The temptation is, arguably, greater as well.  Second Life is full of stunningly beautiful, exotically dressed avatars.  For anyone who immerses at all, it's almost a certainty that you're going to meet someone (besides your current partner) that you find alluring.  If they seem at all willing, it's terribly easy to let one's libido rule one's actions.

So:  A lot of people cheat in Second Life.  We all know it, we've seen it.  The next question we have to ask ourselves is, "does it matter?"  After all, as I just pointed out, there aren't many social or financial consquences.  We don't have to worry about the kids not having a father.  For gosh sakes, even the sex isn't REAL, it's just people talking over the internet and arousing each other.  What's the big hairy deal? 

Well, in fact it's "no big deal" for a lot of people.  "It's only a game" is an attitude I've encountered many, many times.  However, I don't agree.  Even though the physical, financial, and social costs of cheating don't apply in the virtual world, the emotional consequences do, or at least they do for many people.  The relationships we form in Second Life are real, the emotions are real, the time and effort we invest in them are real.  The hurt from a betrayal of trust is real.  If you partner with someone and agree to a monogamous relationship, your promises and your moral responsibility are real.

I say, cheating on your partner in a virtual world is wrong.  It's bad.  If you do it, shame on you.

Having said that, let's go back now to the subject of temptation.  Some people, it turns out, are so insecure in their relationships that they decide to "test" their partner's fidelity.  They get a friend to flirt with their partner, trying to seduce him (or her...but men are a lot easier to tempt in this way.  See paragraph 2, above.)  Or they will create an alt, and do the same thing themselves.  (Of course, IS it cheating if he cheats on you with...you?  Ow, my head is starting to hurt.)

All too often, the partner who is tempted in this fashion will, in fact, succumb.  Then his partner can feel justified in screaming at him, "YOU CHEATED ON ME, F*CKER!"  Well, of course he did, dear...after you trailed an irresistable bait in front of him.

In this case, while it was certainly wrong of him to give in to temptation, the greater sin lies with the temptress...no, not the friend who actually seduced the poor shmuck, although she gets a share of the blame for participating in this little virtual badger game.  No, the person who is really at fault is the Wronged Woman, the insecure and jealous partner who set the whole scene up in the first place. 
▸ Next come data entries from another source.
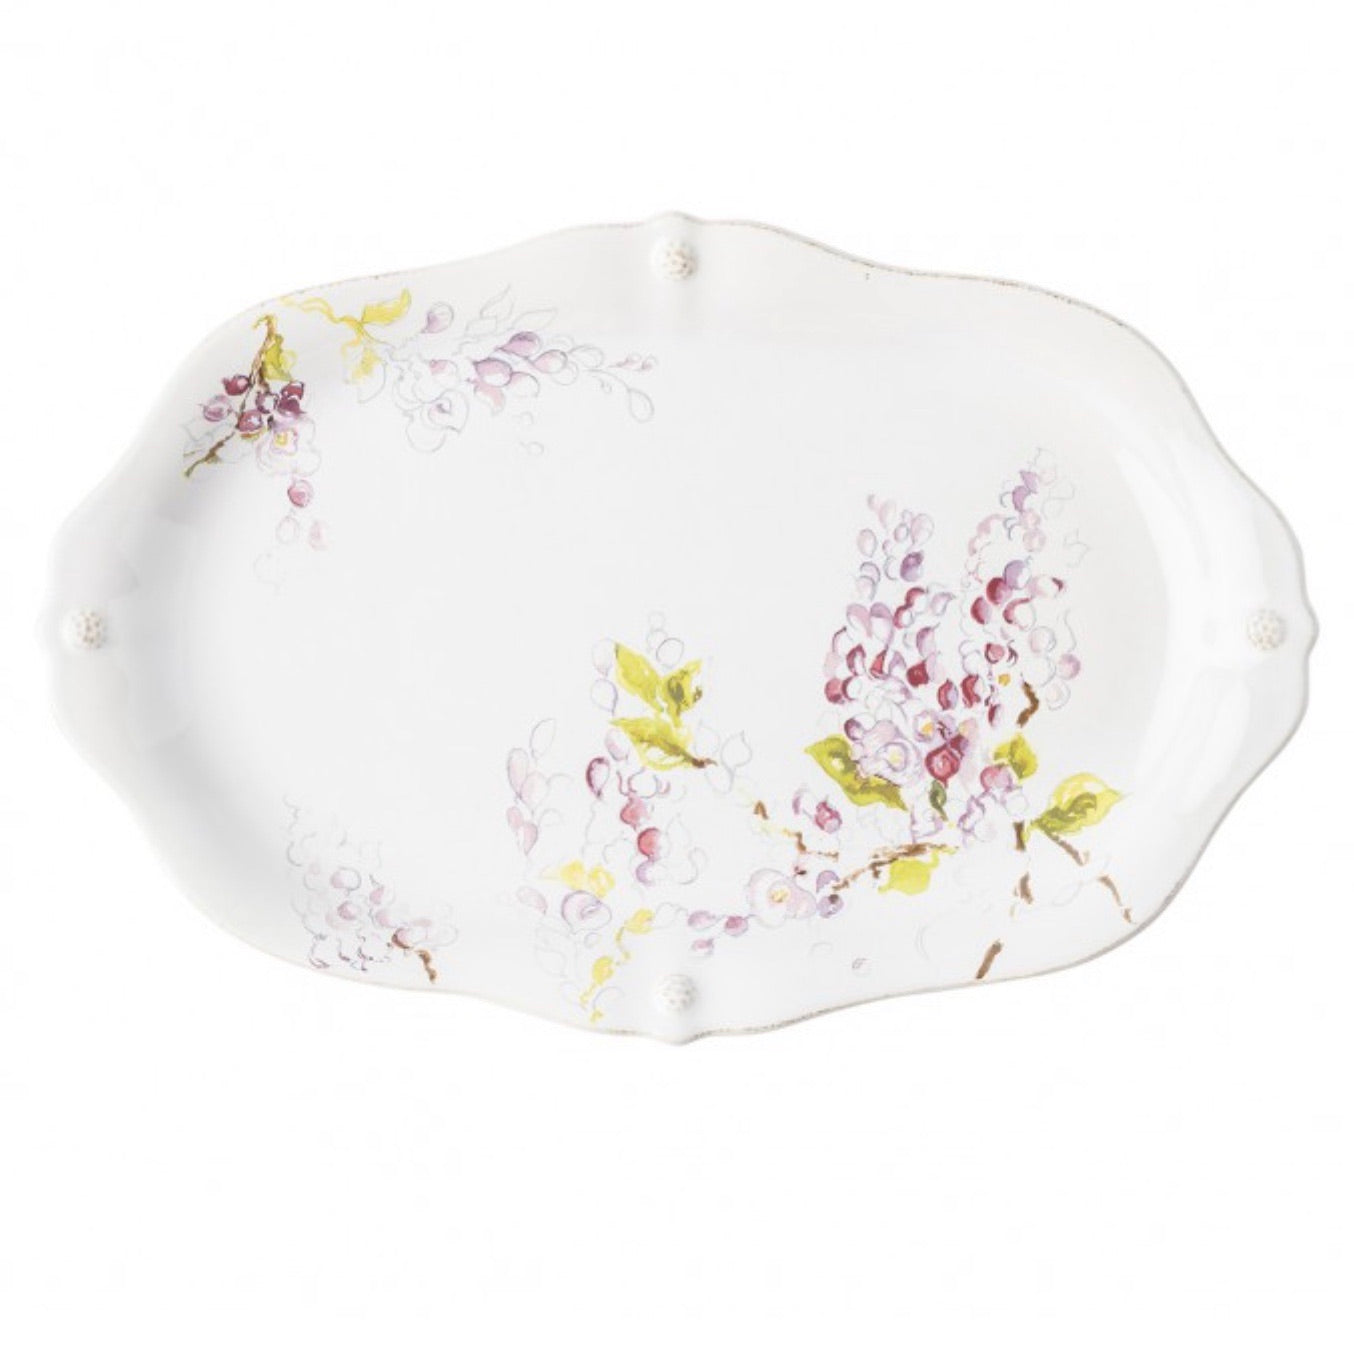 Berry & Thread Floral Sketch Wisteria Platter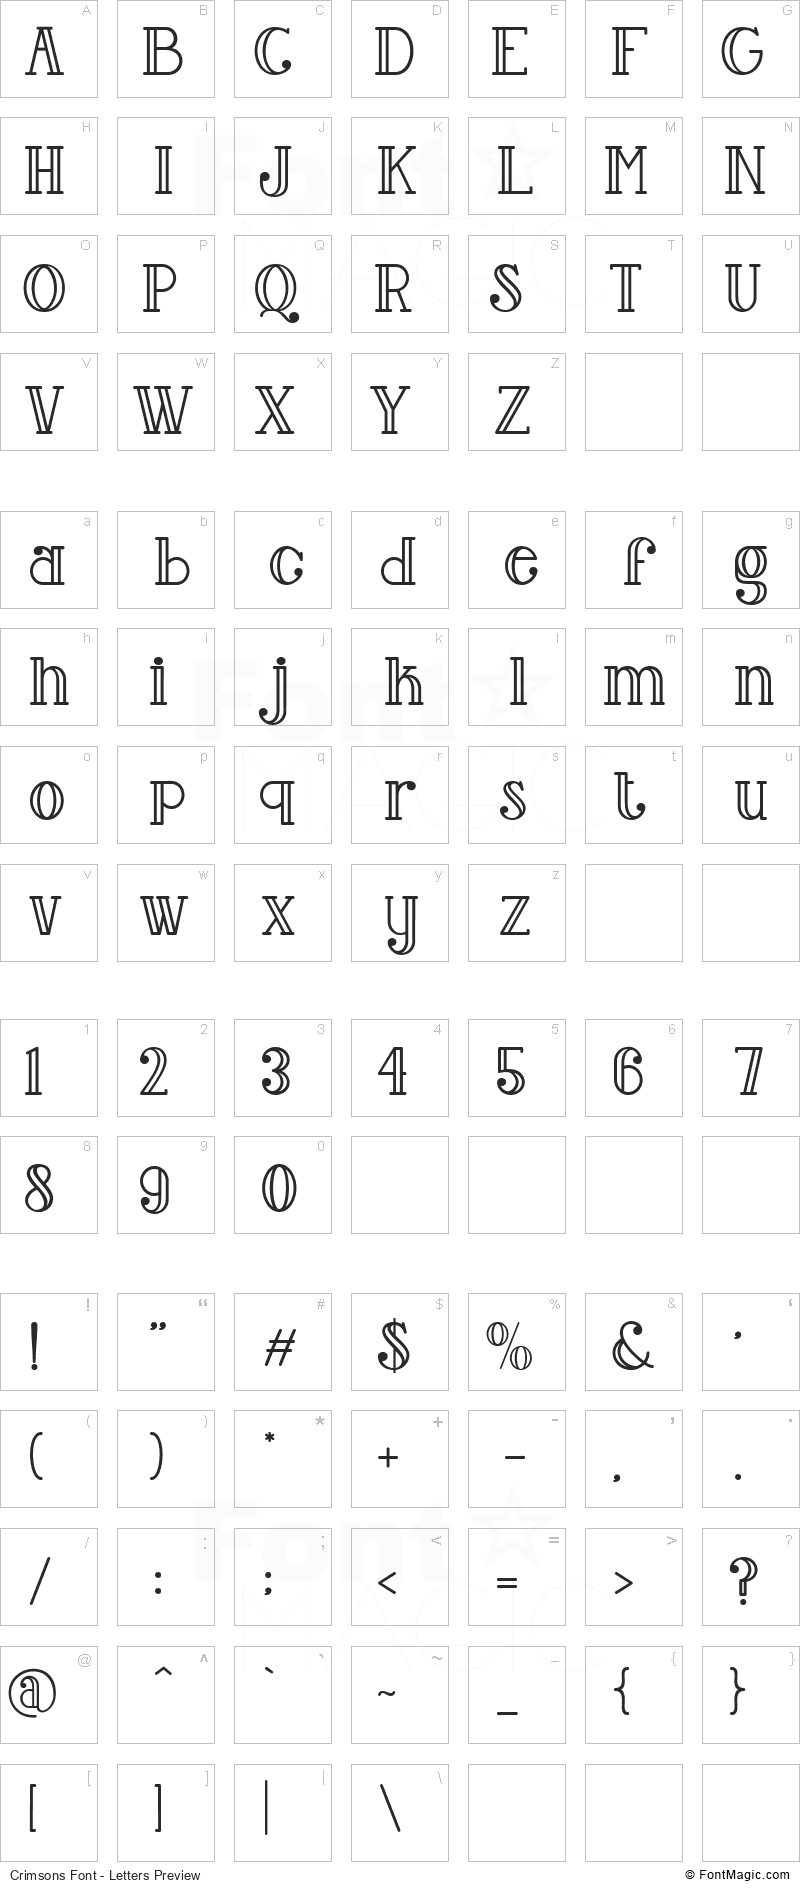 Crimsons Font - All Latters Preview Chart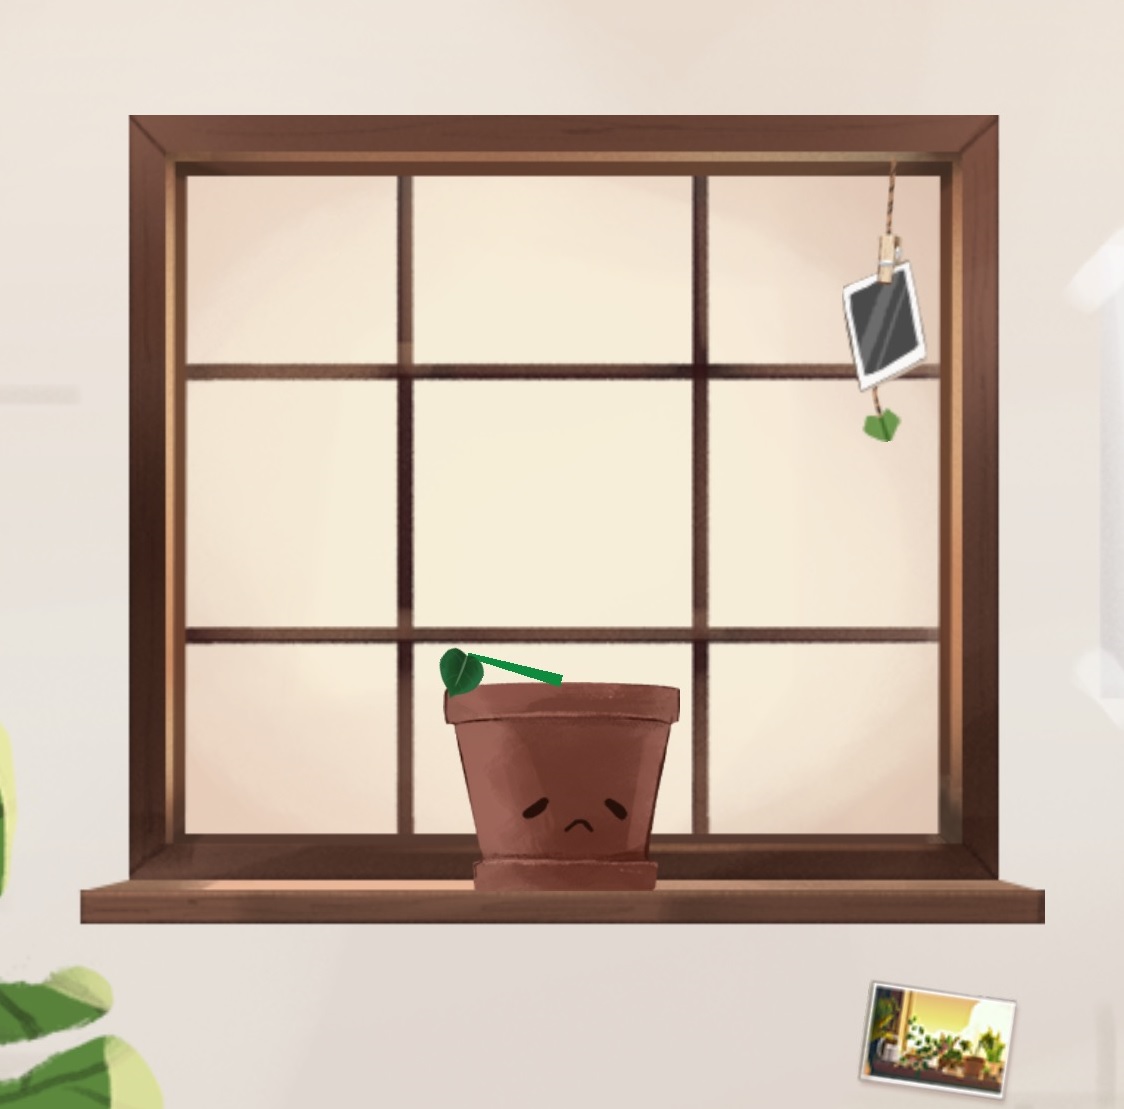 A plant frowns by the window. ("Kinder World." Lumi Interactive. 2021.)

To any immature, insecure folks out there who are thinking that they need to see if their partner is REALLY faithful, I have only one piece of advice: Don't.  You have to let go and trust.  You really do.  Sometimes, your trust will be misplaced and you'll be hurt.  That's a risk in any relationship.  But if you put your relationship to the test, you are far more likely to break it...even if it wasn't broken to begin with.  Or, to put it more simply, "If you can't stand the answer, don't ask the question."